Если бы катод и анод были живые, какими словами описали бы они нам момент сближения друг с другом? Это невидимое напряжение магнитного поля, в котором бумажные полоски вздымаются, как волосы от испуга. Эти железные опилки, трепетно слетающиеся в узор, как кордебалет на сцене. Это искрение крохотных молний, эти разряды, это потрескивание в ушах – как шепот грома.
О, как я стыдилась поначалу упоенного «да! да! да!», беззвучно клокотавшего в моем горле в такие минуты. Где же стихи и цветы, где вздохи под балконом и письма с золотым локоном, где девичья гордость, где лунные прогулки и гитарные романсы? Лишь годы спустя до меня понемногу стало доходить, что моя торопливость – как у бегущего через реку по плывущим бревнам. Скок, скок, скок – скорее! скорее! – пока он не открыл рот, не сказал пошлость, не дохнул табаком и луком, не утопил высоковольтную дугу.
Однажды попались стихи сербской поэтессы, переведенные Ахматовой:
О, не приближайся! Только издалека
Хочется любить мне блеск очей твоих.
Счастье в ожиданье дивно и высоко,
Если есть намеки, счастье только в них.
Стихотворение называлось «Страх». Я заучила его наизусть и часто бормотала строчки себе под нос. Как мне был понятен сербский испуг! Приблизится – и все разрушит. Но уже знала, что «издалека» – не для меня. Я уж лучше буду прыгать – как через костер. Мой избранник часто не понимал, чего я боюсь, изумлялся бесстыжей торопливости, с которой я стягивала с него рубашку. Не знал, то ли гордиться ему, то ли оскорбляться. «Тебя, милый, твоей слоновьей неуклюжести боюсь! – хотелось мне крикнуть ему. – Порвешь сверкающую дугу – и даже не заметишь». Но молчала.
Пещера сладострастия – нет, мне было не выбраться из нее, если не светила сверху хоть крошечная лампадка, свечка любви. Успеть добежать до выхода из пещеры, пока не догорела эта маленькая свеча, не увял аленький цветочек ее огонька, пока ты еще светел передо мной, красив, неопознан.
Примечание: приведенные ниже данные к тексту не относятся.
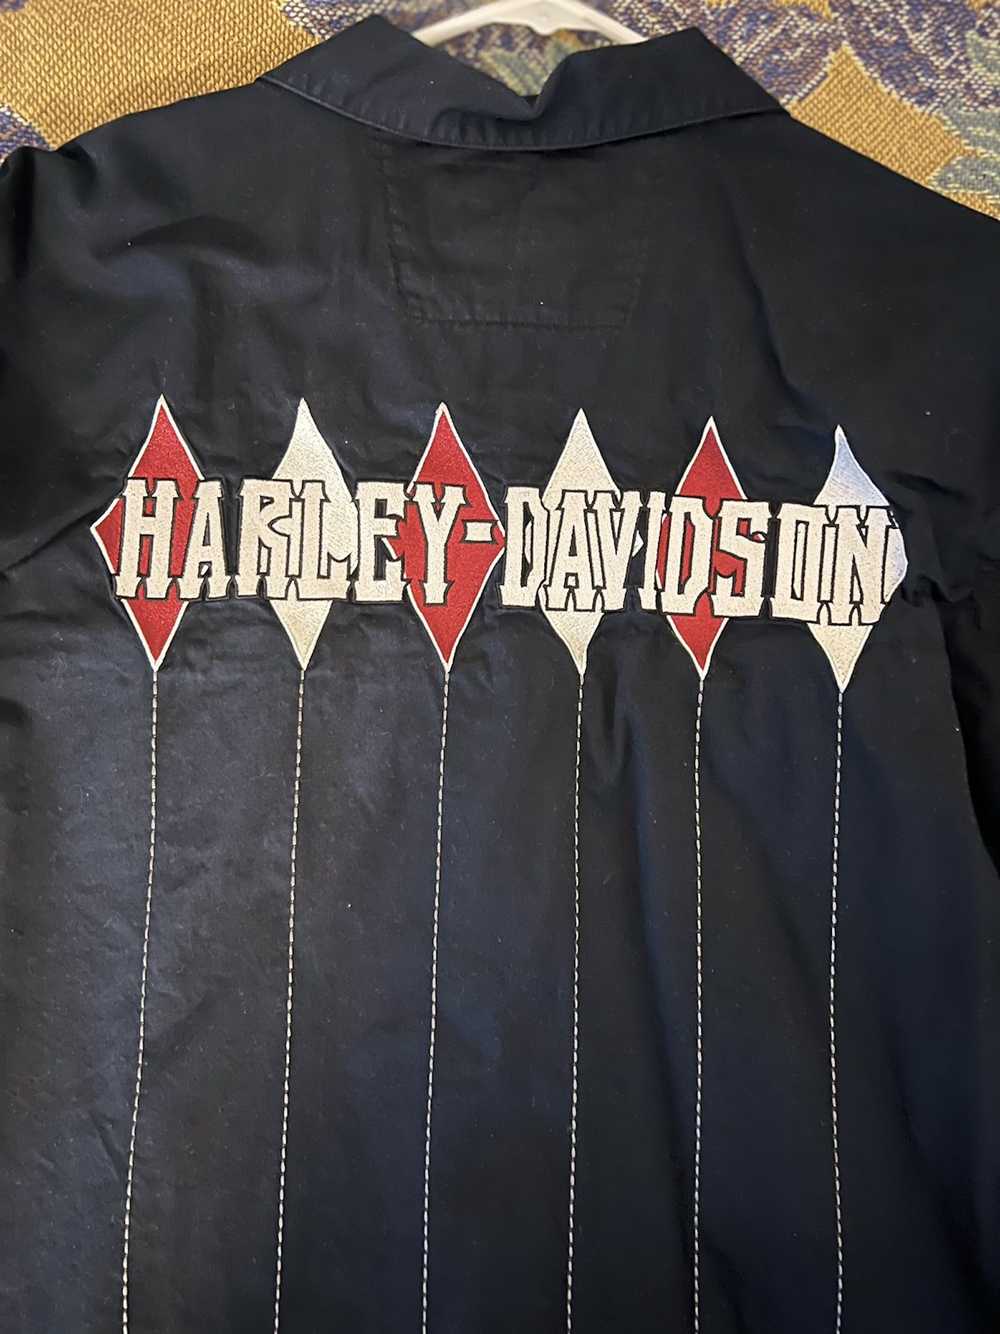 Harley Davidson Harley Davidson bowling shirt - image 4

Но как быстро они выгорали! Как мал был запас воска – масла – огня – у моих возлюбленных. Потому я и спешила, потому и не могла утолиться одним. Тот «в сердце луч золотой», о котором поют в старинных романсах, был у меня всегда таким мимолетным!
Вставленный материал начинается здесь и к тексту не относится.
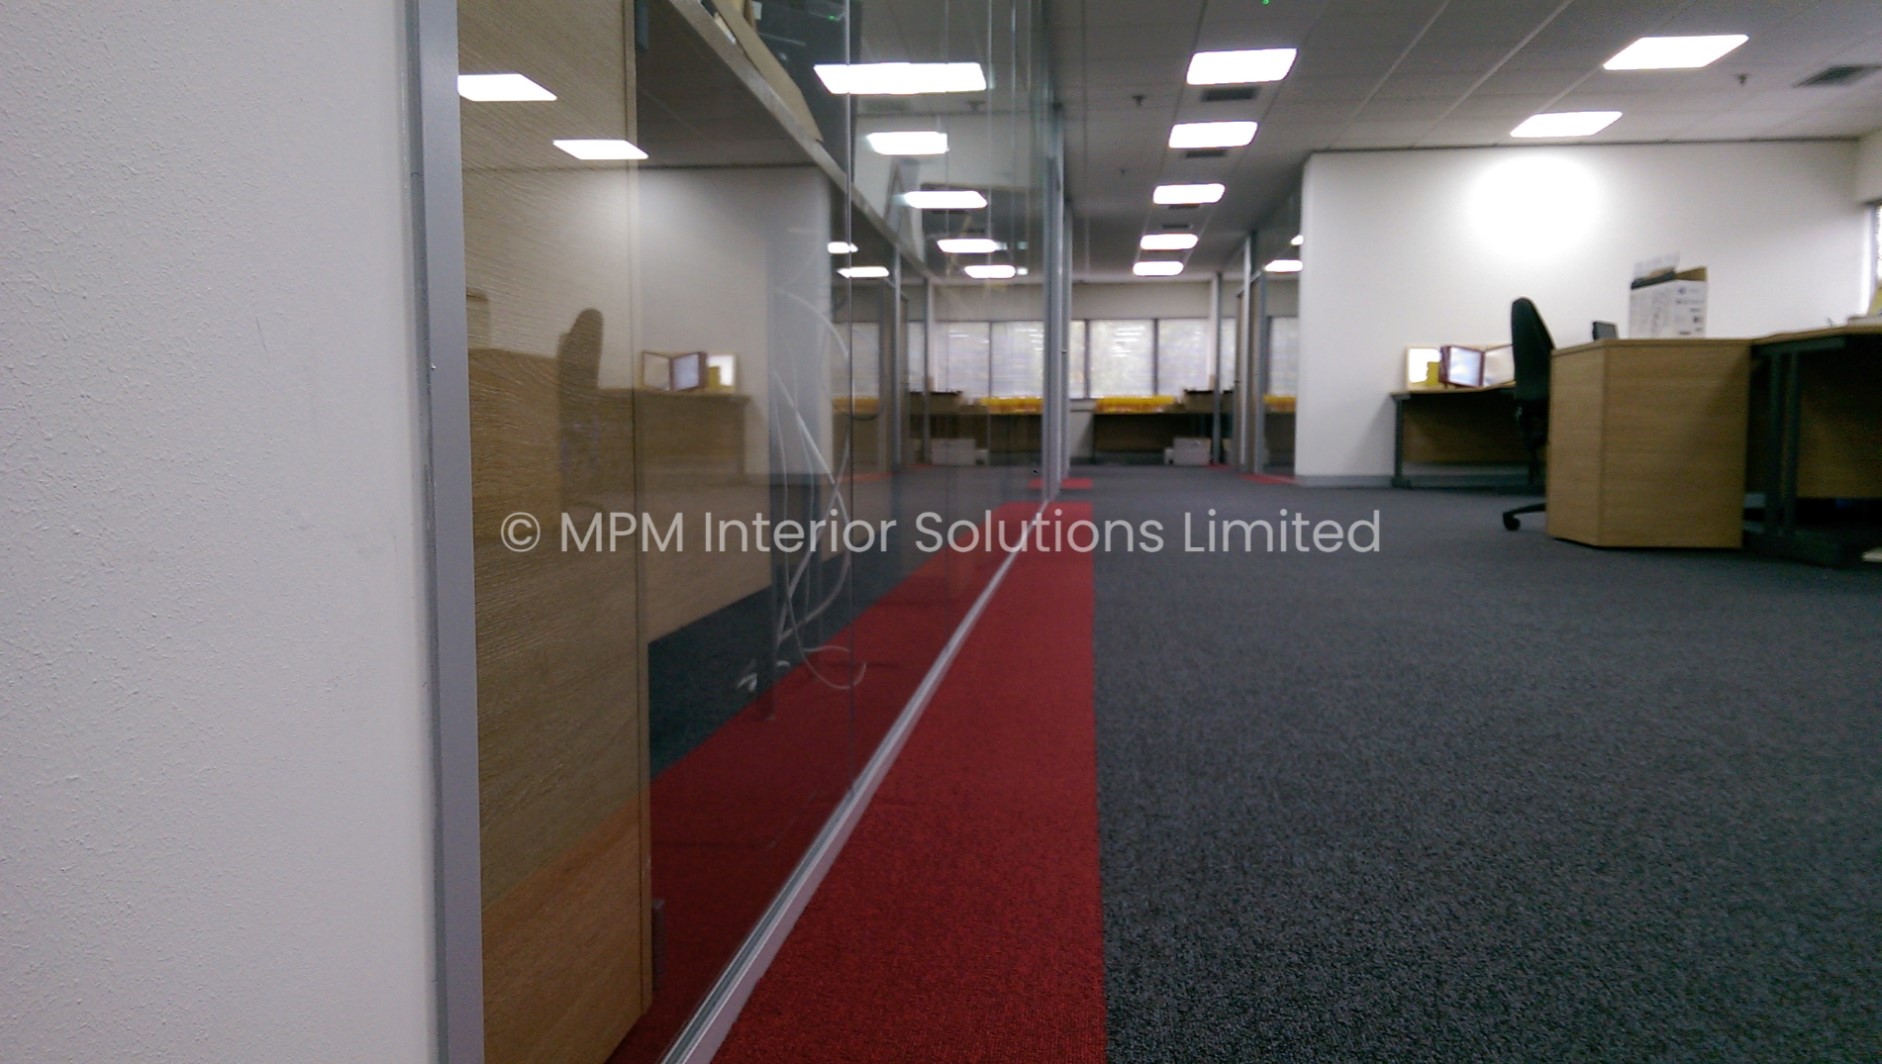 Frameless Glass Office Partitioning, 75mm > 100mm Demountable Office Partitioning, Office Refurbishment/Fit-Out, DHL International (UK) Ltd (Orbital Park, Hounslow, London), MPM Interior Solutions Limited

Когда перестала стыдиться? Конечно знаю: после покушения. Сергачев был очень хороший мальчик, с исторического, – добрый, вдумчивый, начитанный. Мне нравилось с ним гулять, мы ходили в театры и музеи – золотой дождь льется в лоно Данаи, старцы подглядывают за Сусанной в бассейне, Диана купается в ручье. Он очень интересно рассказывал о далеких временах и легко отыскивал там свое любимое – что люди всегда были людьми и всем их делам и поступкам можно и нужно находить разумные объяснения.
Мама обожала его, мечтала, чтобы я сдалась наконец и вышла за него замуж. Но что я могла поделать, если волшебный ветерок не залетал мне от него в горло, искрящаяся дуга не возникала? Я старалась быть с ним доброй, приветливой, но ни о каких поцелуях не могло быть и речи.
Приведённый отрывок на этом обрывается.